This is an exercise problem. I got stuck here and would like to get a hint. The problem is
Suppose $f$ is continuous and $2\pi$-periodic, and $|\hat{f}(n)|\leq |n|^{-3/2}$ for all non-zero $n\in\mathbb{Z}$. Prove that $f$ satisfies for any $x,y$: $$|f(x)-f(y)|\leq 100|x-y|^{1/2}$$
I'm trying to proceed in the following way: since the Fourier coefficients are absolutely summable, I will expand $f$ with the Fourier series:
$$ \begin{aligned} |f(x) - f(y) | &= \left| \lim_{N\rightarrow \infty} (S_Nf(x) - S_Nf(y)) \right| \\ &\leq \lim_{N\rightarrow \infty} \sum_{n=-N}^N \left|\hat{f}(n)\right|\left|e^{inx} - e^{iny}\right| \\ &\leq \lim_{N\rightarrow \infty} \sum_{n=-N,n\neq 0}^N |n|^{-3/2} \left|e^{inx} - e^{iny}\right| \\ \end{aligned} $$
Next I want to get some Holder continuity property for $e^{inx}$ in order to proceed:
$$ \begin{aligned} \sup_{x,y}\frac{\left| e^{inx} - e^{iny}\right|}{|x-y|^{1/2}} &= \sup_{x,y}\left( \frac{\left| e^{inx} - e^{iny}\right|}{|x-y|} \right)^{1/2} \left| e^{inx} - e^{iny}\right|^{1/2} \\ &\leq \sup_{x,y}\left( \sup_{\xi\in[x,y]} \left|ine^{in\xi}\right|\right)^{1/2} \sqrt{2} \\ &\leq \sqrt{2n} \end{aligned} $$
However, if I simply plug into the original inequality, I will get an infinite sum over $1/n$, which does not converge. I think I either need to get better Holder continuity estimation for $e^{inx}$ or need to proceed in a completely different way. But I'm currently stuck here. Any help or hint would be appreciated! Thank you very much!

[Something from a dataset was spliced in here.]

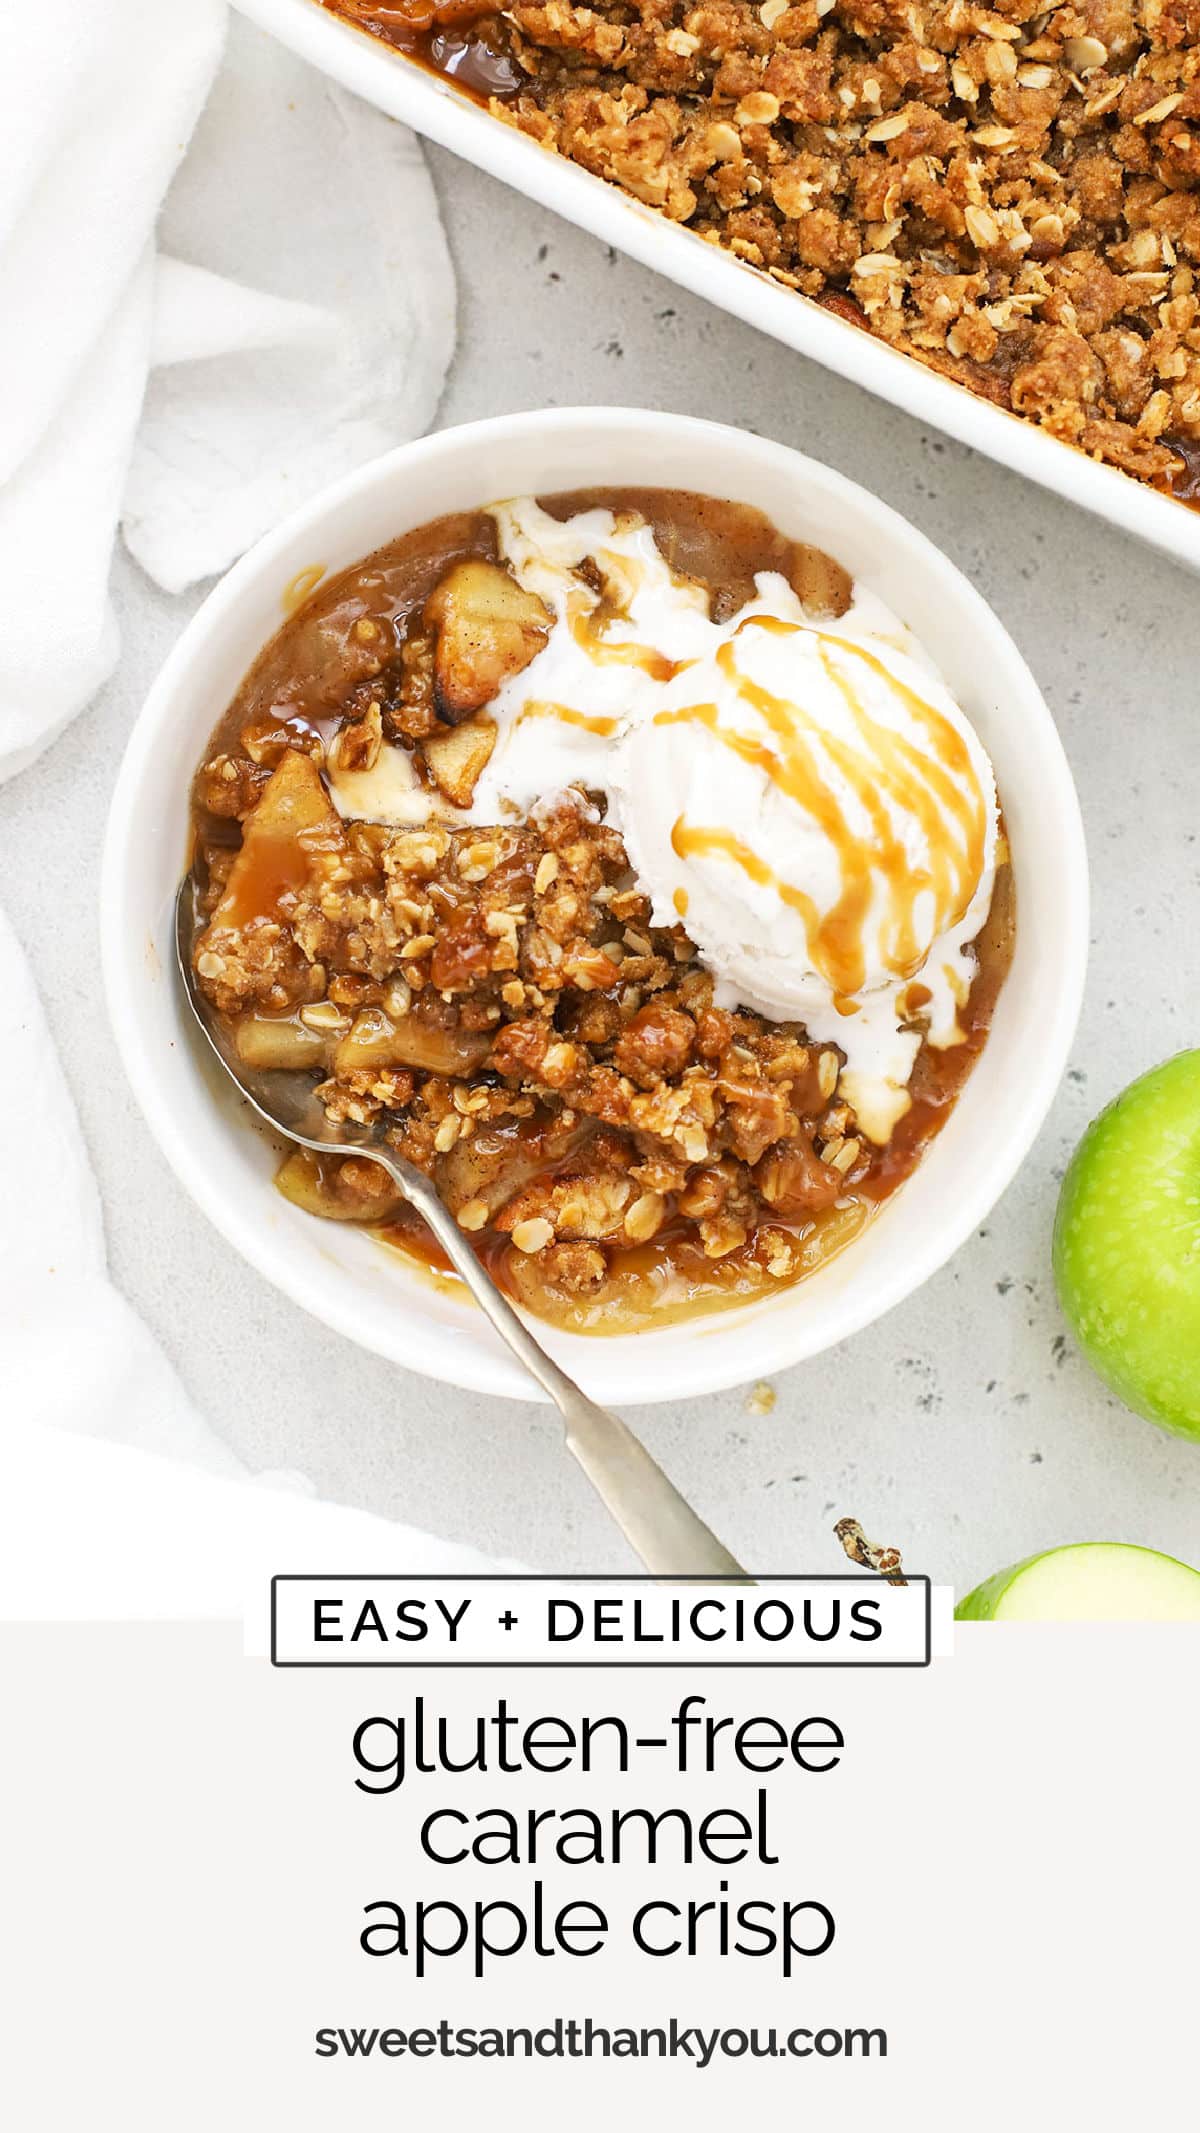 This Gluten-Free Caramel Apple Crisp recipe is the perfect fall dessert, made with sweet apples, crispy oat crumble & gooey caramel! / gluten free apple crisp with caramel sauce / salted caramel apple crisp / apple crisp with caramel sauce / gluten free apple crisp recipe / easy gluten free apple crisp / gluten free apple dessert / gluten free thanksgiving dessert / gluten free fruit crisp /

We have: $$\left|\frac{e^{nix}-e^{niy}}{x-y}\right|\leq\min\left(\frac{2}{|x-y|},2n\right)$$ hence: $$\begin{eqnarray*}\sum_{n=1}^{N}n^{-3/2}|e^{nix}-e^{niy}|&\leq& |x-y\,|\!\!\sum_{1\leq n\leq\frac{1}{|x-y|}}\frac{2}{\sqrt{n}}+2\sum_{n\geq\frac{1}{|x-y|}}\frac{1}{n\sqrt{n}}\\&\leq&4\sqrt{|x-y|}+6\sqrt{|x-y|}\end{eqnarray*}$$ and $$|f(x)-f(y)|\leq 20\sqrt{|x-y|}.$$